Doors – 2


This is the state of play Wednesday evening.

As you can see I have them mostly assembled.

Number 6 is lying on the floor behind me.

One of the cool things about this process for assembling stuff is that the various warpages in the plywood sort of cancel each other out, especially if you glue and screw them, then put a brick or something at each corner to hold it flat. That way, the glue cures holding the pieces of wood flat, or flatter than they would be.

One of the layers has the central piece unsupported (at this time). Eventually, there will be screws between it, through the fiberglass, and into the other side – but to keep things from getting hinky while I paint, I used a trick I’ve been doing forever – liberally glue and sandwich a piece of upholstery linen in the unsupported joint. It really solidifies it. When I do the cross-members (the next step) I will be doing that at each intersection; there aren’t that many. Another trick I used was, since I’m stacking everything to keep it oriented correctly, I put pieces of cello tape at the spots where glue is likeliest to leak down and join the upper layer to the bottom, prematurely.

I wish I had set up a pair of stands and a piece of plywood and used that as an assembly table. I figured that the “up and down” was not going to be too bad, but I was thinking in terms of putting screws into the wood, not having to walk back and forth getting the pieces of each door before positioning them.

Another thing I regretted was using 1″ screws with a torx drive. My cordless drill handles them great, but I don’t have one of those magnetic screw holders that has a torx – just a phillips. I suppose I could have rigged one up but I figured “why not?” and just positioned all the screws between my left thumb and forefinger, as one does. My thumb and finger were not shredded by this, but it feels like it. I had a lot of threads rubbing against the meat of my thumb and it’s got a small piece worn away. Yes, I am aware of “gloves” and even have them, but picking up screws is a pain with gloves. I should have wrapped the thumb and finger with gaffer tape but I didn’t want to get up and walk across the building to where there is gaffer tape.

Anyhow: it could have been worse. Although, schedule-wise it’s F-35ish. For any project that is not $200bn and 12 years over budget, I mean. Wow, think what kind of machine shop I could build with $200bn! “Is that a solid gold bridgeport mill?” Pshaw, hahahah, that’s my spare. I usually use the platinum one.

The icing on some kind of cake was that I realized that the width of the doors is smaller than the maximum capacity of my lovely table-saw mega-sled. So when all the glue is dry I’ll trim a bit off the tops and bottoms to make them perfectly flat and straight. I’m not so worried about the sides but I could probably feed them through the saw with the rip fence. May as well spend another 20 minutes making everything look like it was crafted with love.

------ divider ------

Don’t worry: when time comes to final assemble, I’ll have a magnetic drive guide so I won’t be shredding my poor old thumb.

Comments

  1. Reginald Selkirk says

    I think gold would make a poor choice for a milling machine, it’s too soft.

  2. cvoinescu says

    For the ways, sure. But for the body, if you use enough gold, it can be as solid as you need it to be.

  3. Owlmirror says

    Ruthenium is a platinum-group element found as a minor component of platinum ore. It seems to have a low of about US$8000/Kg, but is currently costing close to US$13,000/Kg. You could blow through $200bn easy making stuff out of it.

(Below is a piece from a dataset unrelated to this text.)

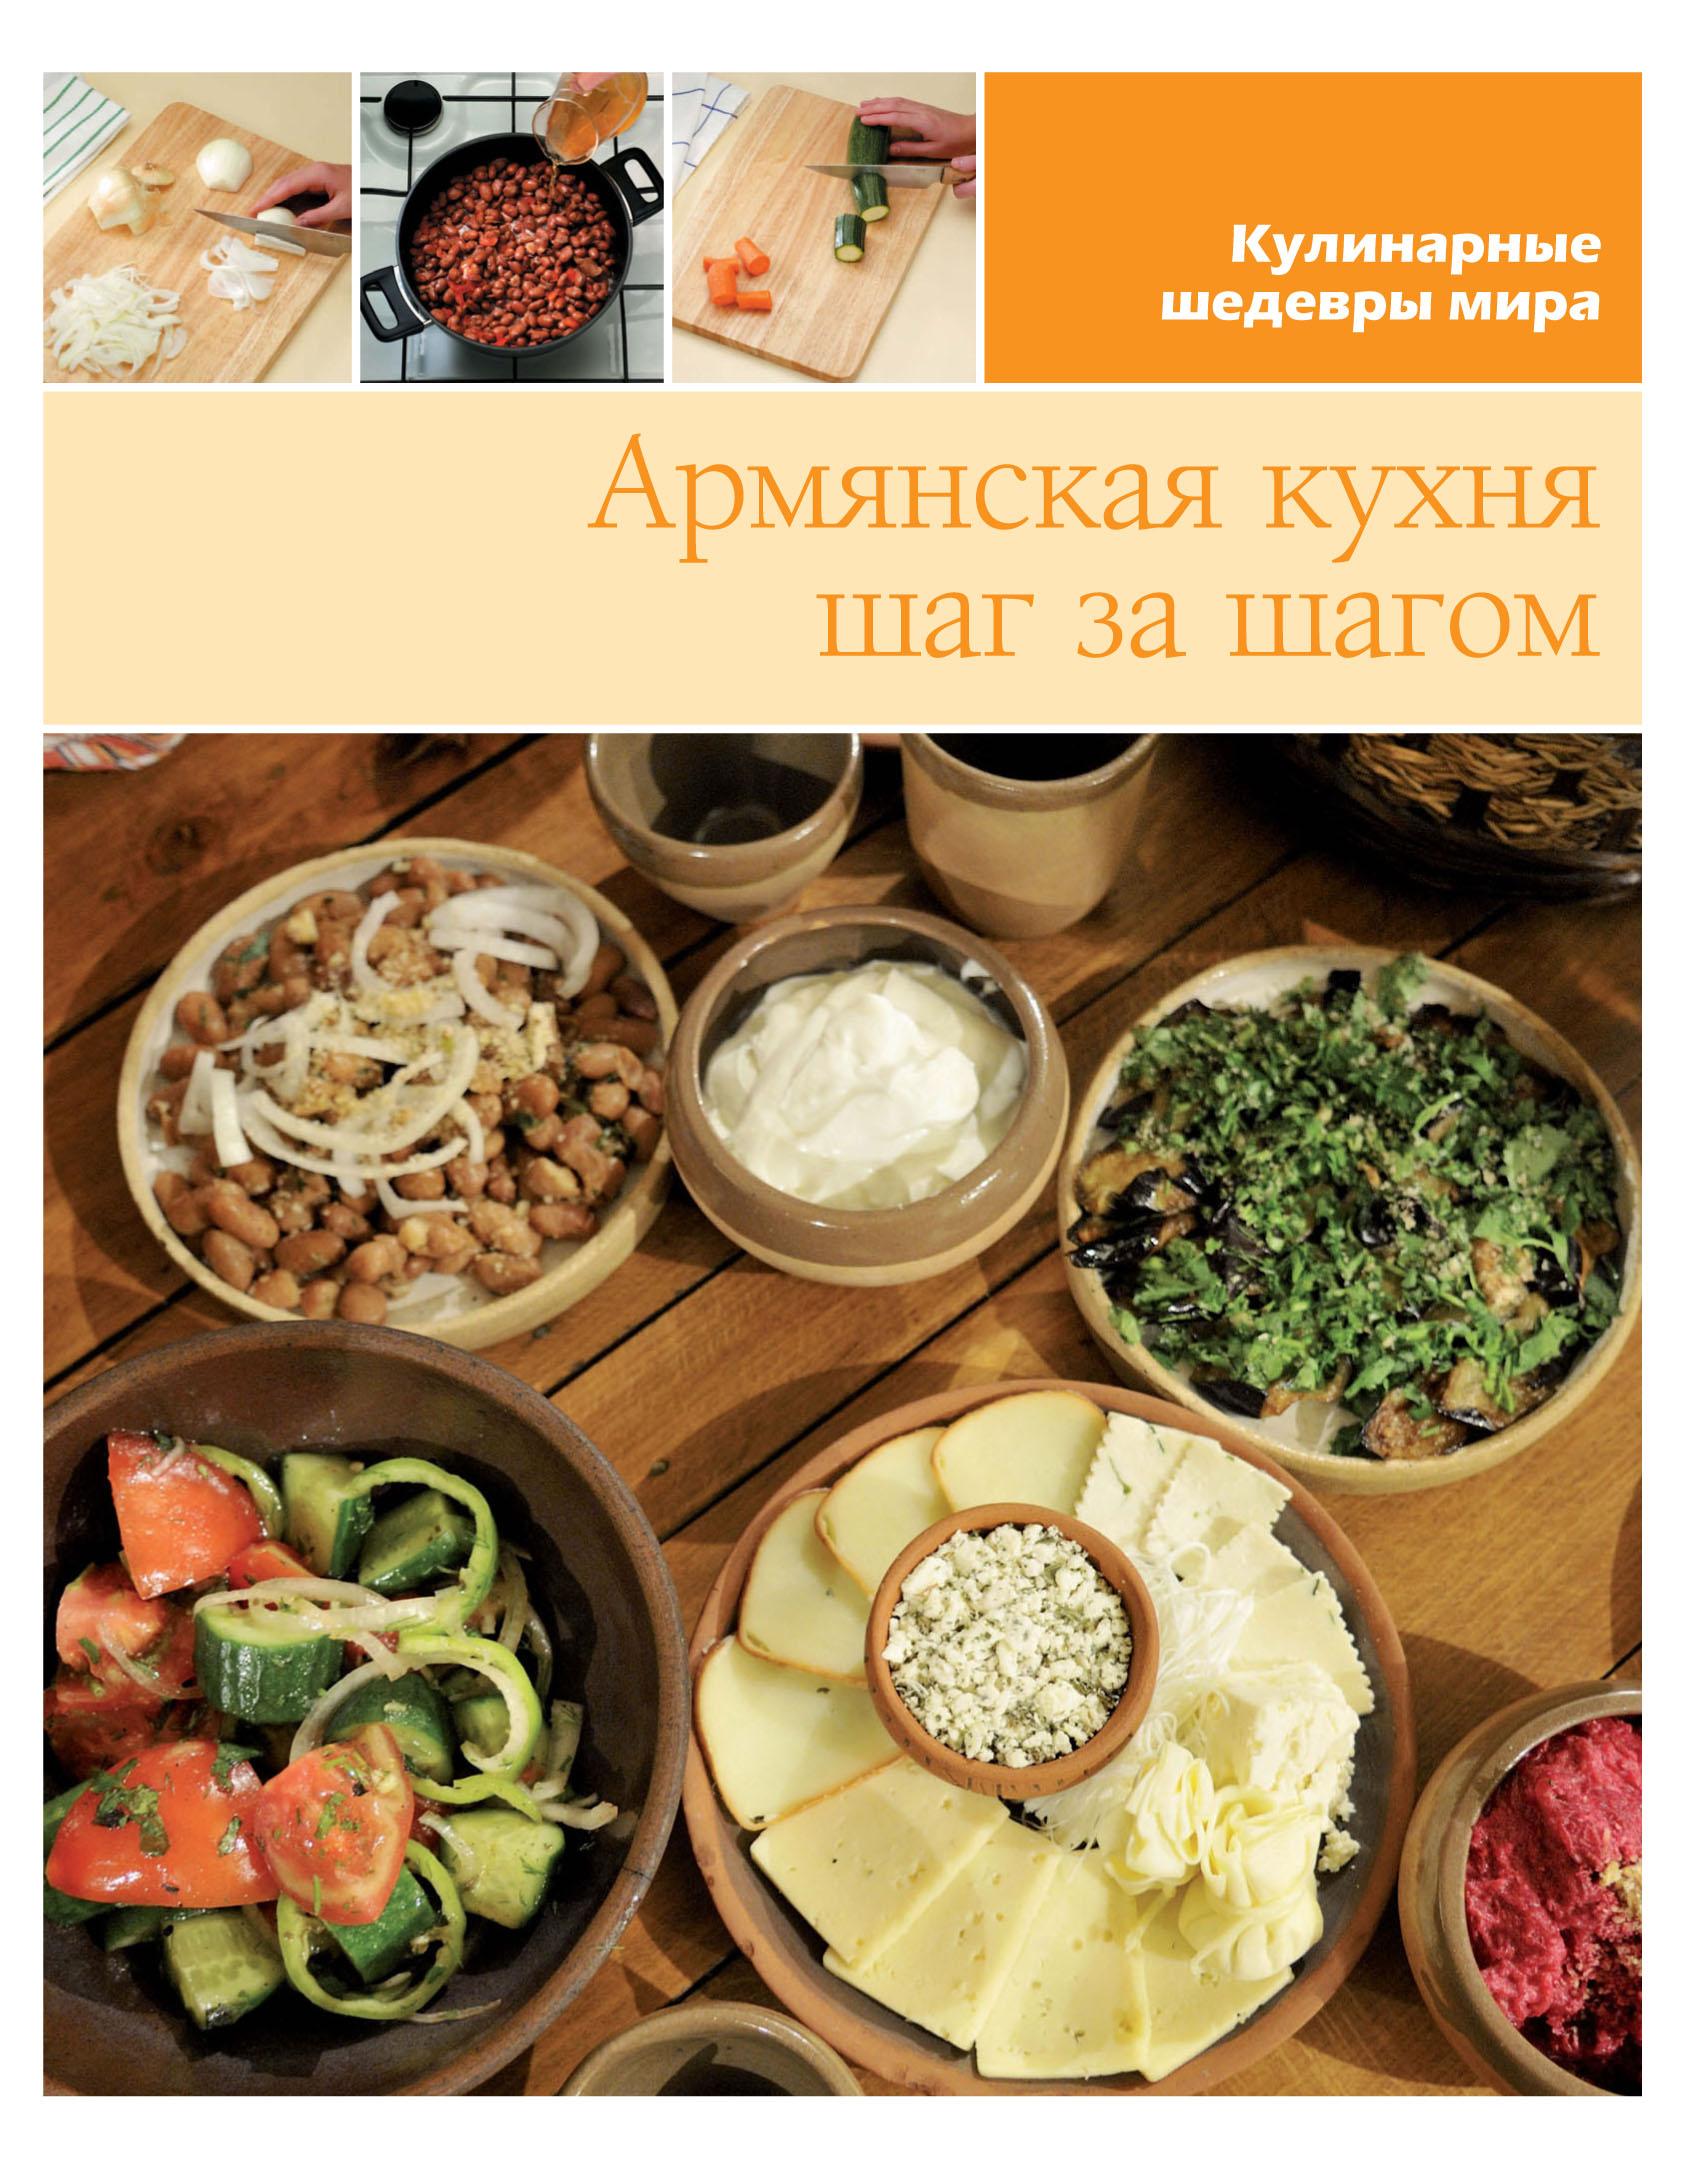 Отсутствует Армянская кухня шаг за шагом отсутствует итальянская кухня шаг за шагом – 1

    I note that ruthenium has several stable isotopes, but one, ⁹⁸Ru, has an abundance of only 1.87%. I have no idea why you would decide to use that one, other than snobbishness (“Please, I don’t use common ruthenium”), but that’s always an option if you want to make things out of ruthenium that are even more expensive than a typical mixed isotope source of the metal.

  4. publicola says

    Trying to move a solid-gold machine is just begging for a hernia. Try Upsidaisium. I understand it’s there for the taking in Frostbite Falls, MN. Plus, it’s light as a feather–easy to move. Just make sure you bolt it down.